Frees you for what? thought Rickards. For murder, that iconoclastic act of protest and defiance, that single step across an unmarked, undefended frontier which, once taken, sets a man apart forever from the rest of his kind? But he decided to defer the obvious question.

Instead he asked: “What sort of family had he?” The question sounded innocuous and banal, as if they were casually discussing a common acquaintance.

“He had a father and a mother. That sort of family. What other sort is there?”

But Rickards had resolved on patience. It was not a ploy that came easily to him, but he could recognize pain when its
taut and naked sinews were thrust so close to his face. He said mildly: “I mean, what sort of background did he come from? Had he brothers or sisters?”

“His father is a country parson. His mother is a country parson’s wife. He was an only child. His death nearly destroyed them. If we could have made it look like an accident, we would have. If lying could have helped, I would have lied. Why the hell didn’t he drown himself? That way there would at least have been room for doubt. Is that what you meant by background?”

“It’s helping to fill in the picture.” He paused and then, almost casually, asked the seminal question. “Did Hilary Robarts know that you and Tobias Gledhill had spent a night together?”

“Whatever possible relevance …? All right, it’s your job to do the scavenging. I know the system. You trawl up everything you can get your nets to and then throw away what you don’t want. In the process you learn a lot of secrets you’ve no particular right to know and cause a lot of pain. Do you enjoy that? Is that what gives you your kicks?”

“Just answer the question, sir.”

“Yes, Hilary knew. She found out by one of those coincidences which seem a one-in-a-million chance when they happen but which aren’t really so remarkable or unusual in real life. She drove past my house when Toby and I were leaving just after seven-thirty in the morning. She had taken a day’s leave, apparently, and must have left home early to drive off somewhere. It’s no use asking me where, because I don’t know. I suppose, like most other people, she has friends she visits from time to time.
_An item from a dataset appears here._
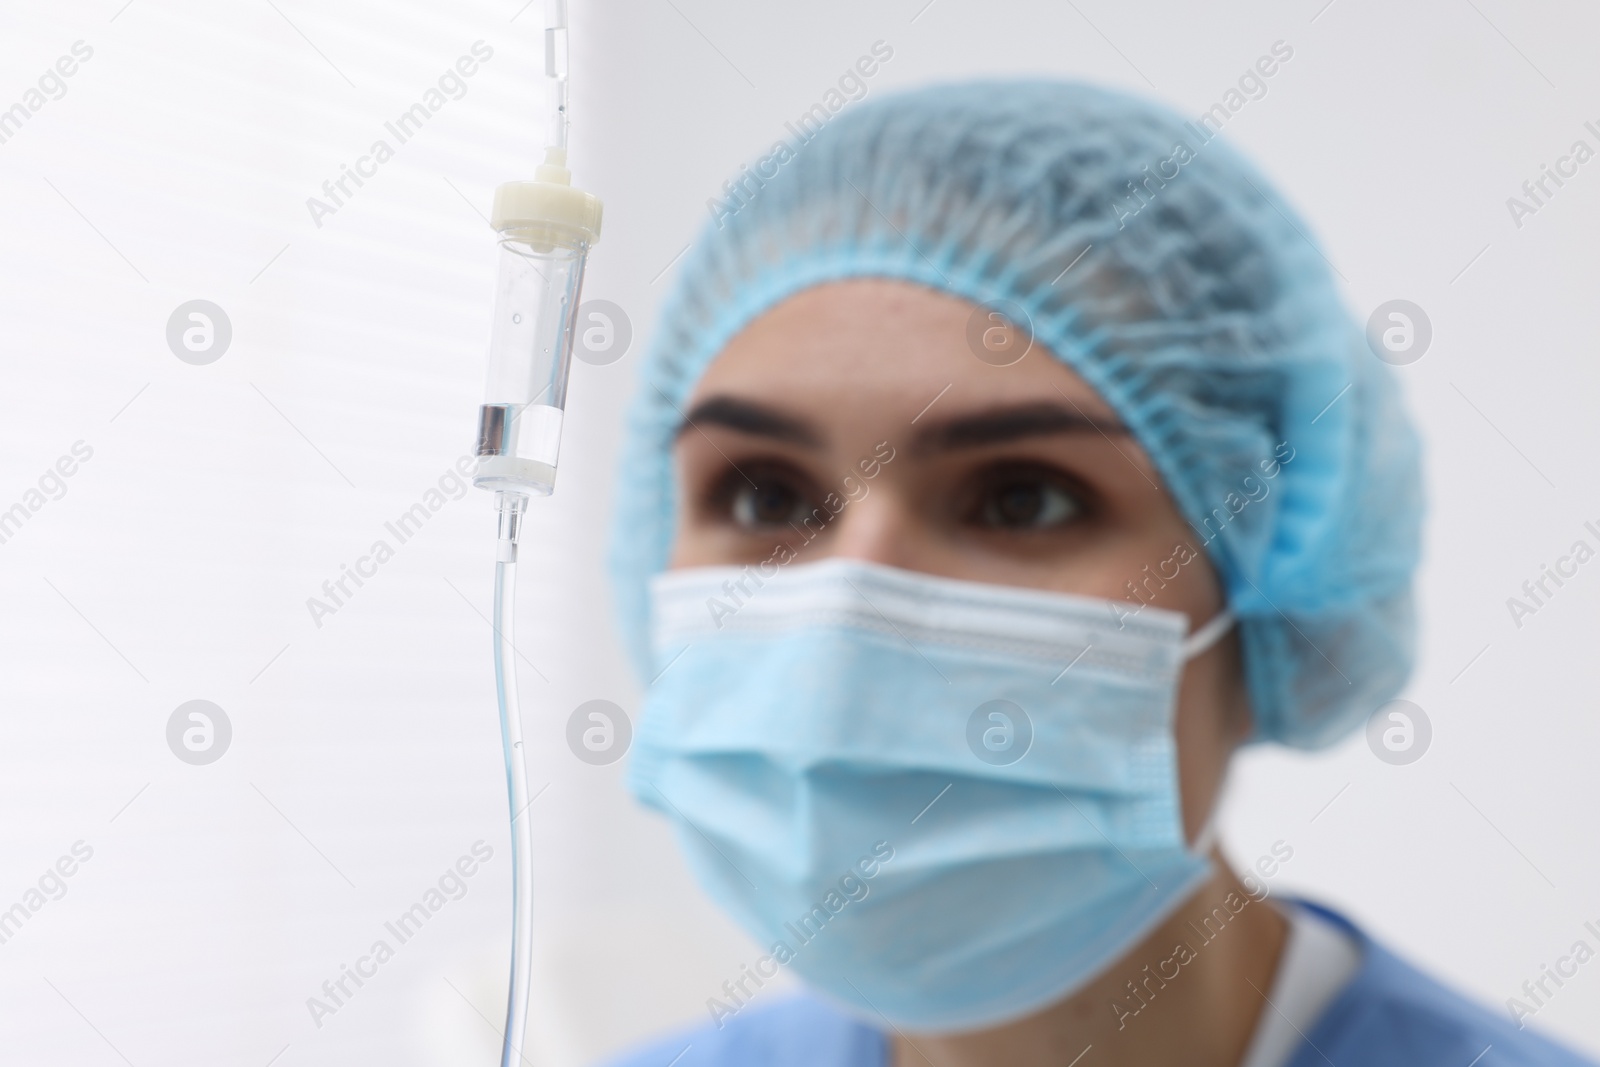 Photo of Setting up IV drip. Nurse on blurred background, selective focus

I mean, someone somewhere must have liked her.”

“Did she ever speak about the encounter, to you or to anyone else you know?”

“She didn’t make it public property. I think she regarded it as too valuable a piece of information to cast before the swine.
She liked power, and this was certainly power of a kind. As she drove past, she slowed down almost to walking pace and stared straight into my eyes. I can remember that look: amusement, changing to contempt, then triumph. We understood each other all right. But she never subsequently spoke a word to me.”
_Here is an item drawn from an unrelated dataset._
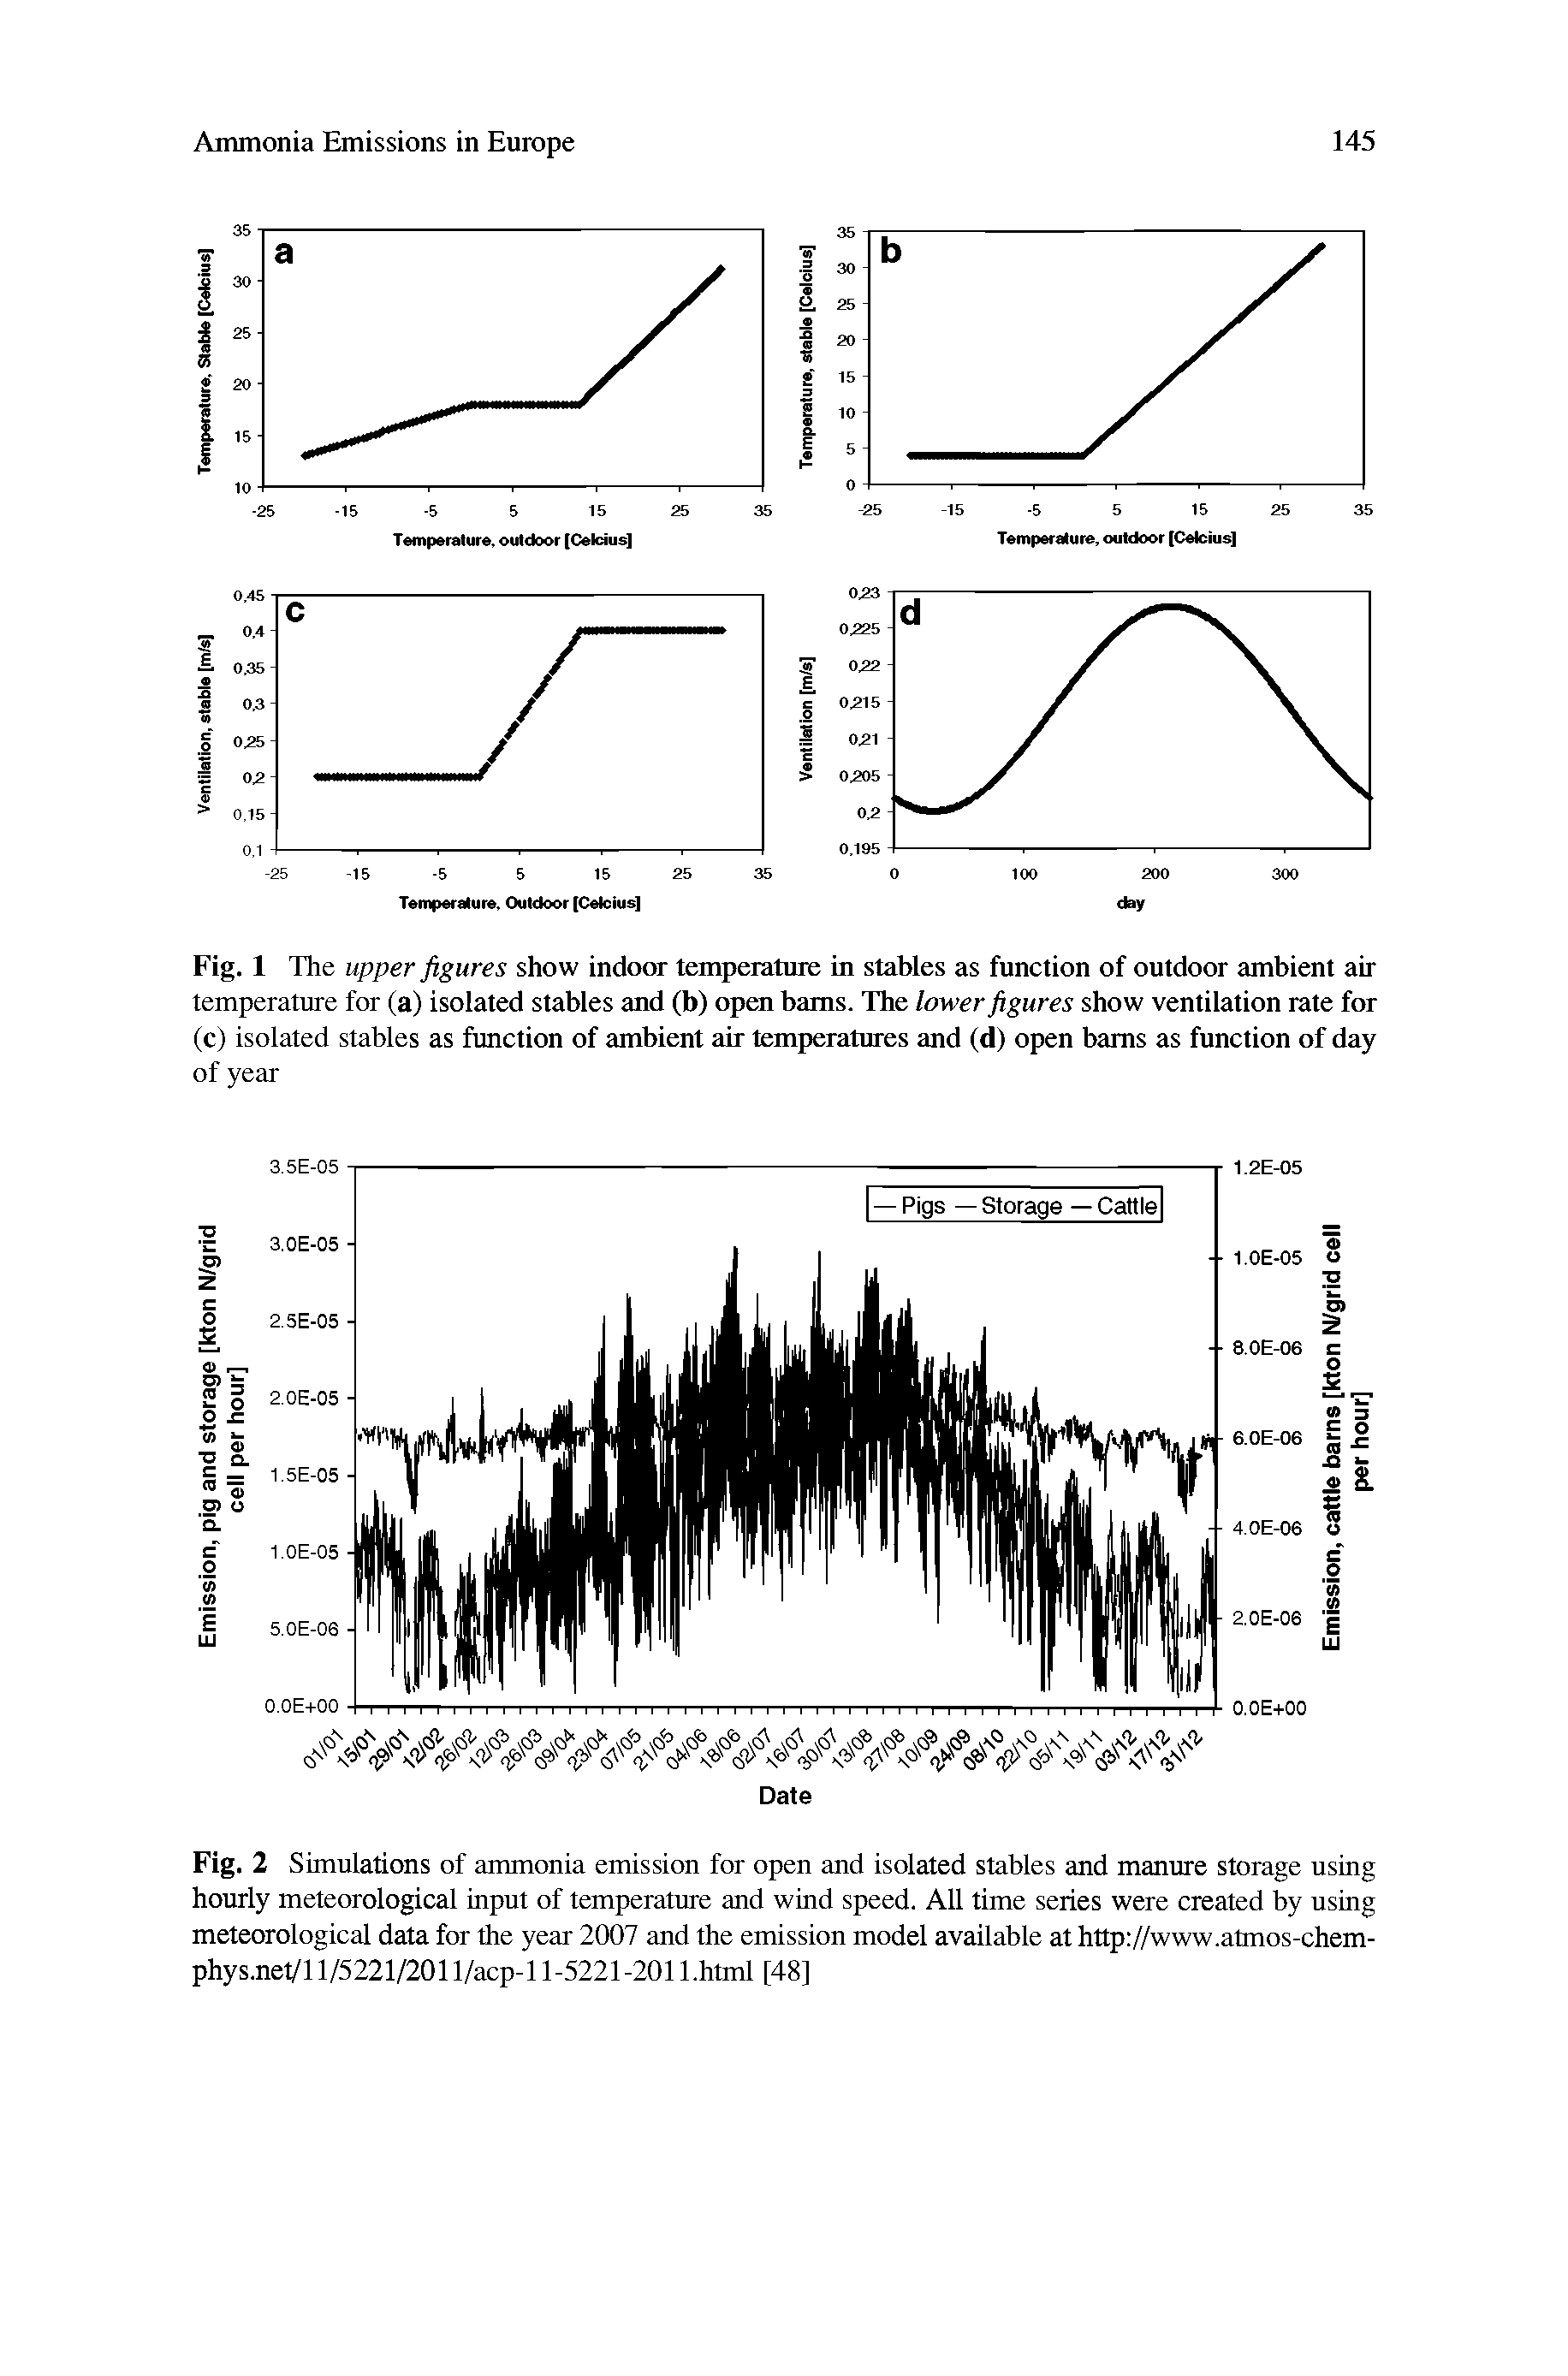 Fig. 2 Simulations of ammonia emission for open and isolated stables and manure storage using hourly meteorological input of temperature and wind speed. All time series were created by using meteorological data for the year 2007 and the emission model available at http //www.atmos-chem-phys.net/11/5221/2011/acp-l 1-5221-201 l.html [48]...

“Did she talk about it to Mr. Gledhill?”

“Oh yes, she spoke to Toby all right. That’s the reason he killed himself.”

“How do you know that she spoke to him? Did he tell you?”

“No.”

“You’re suggesting that she blackmailed him?”

“I’m suggesting that he was unhappy, muddled, uncertain about every aspect of his life, his research, his future, his sexuality. I know that she attracted him sexually. He wanted her. She was one of those dominant, physically powerful women who do attract sensitive men like Toby. I think she knew that and she used it. I don’t know when she got hold of him or what she said to him, but I’m bloody sure that he’d be alive now if it weren’t for Hilary Robarts. And if you think that gives me a motive for her murder, you’re damned right. But I didn’t kill her and, that being so, you won’t find any evidence that I did. Part of me, a very small part, is actually sorry that she’s dead. I didn’t like her and I don’t think she was a happy woman, or even a particularly useful one. But she was healthy and intelligent and she was young. Death ought to be for the old, the sick and the tired. What I feel is a touch of
lacrimae rerum
. Even the death of an enemy diminishes us, apparently, or so, in certain moods, it seems. But that doesn’t mean I’d want her alive again. But it’s possible I’m prejudiced, perhaps even unjust. When Toby was happy, no one was more joyous. When he was miserable, he went down into his private hell. Perhaps she could reach him there, could help him. I know I couldn’t.
It’s difficult to comfort a friend when you suspect that he sees it as a ploy to get him into your bed.”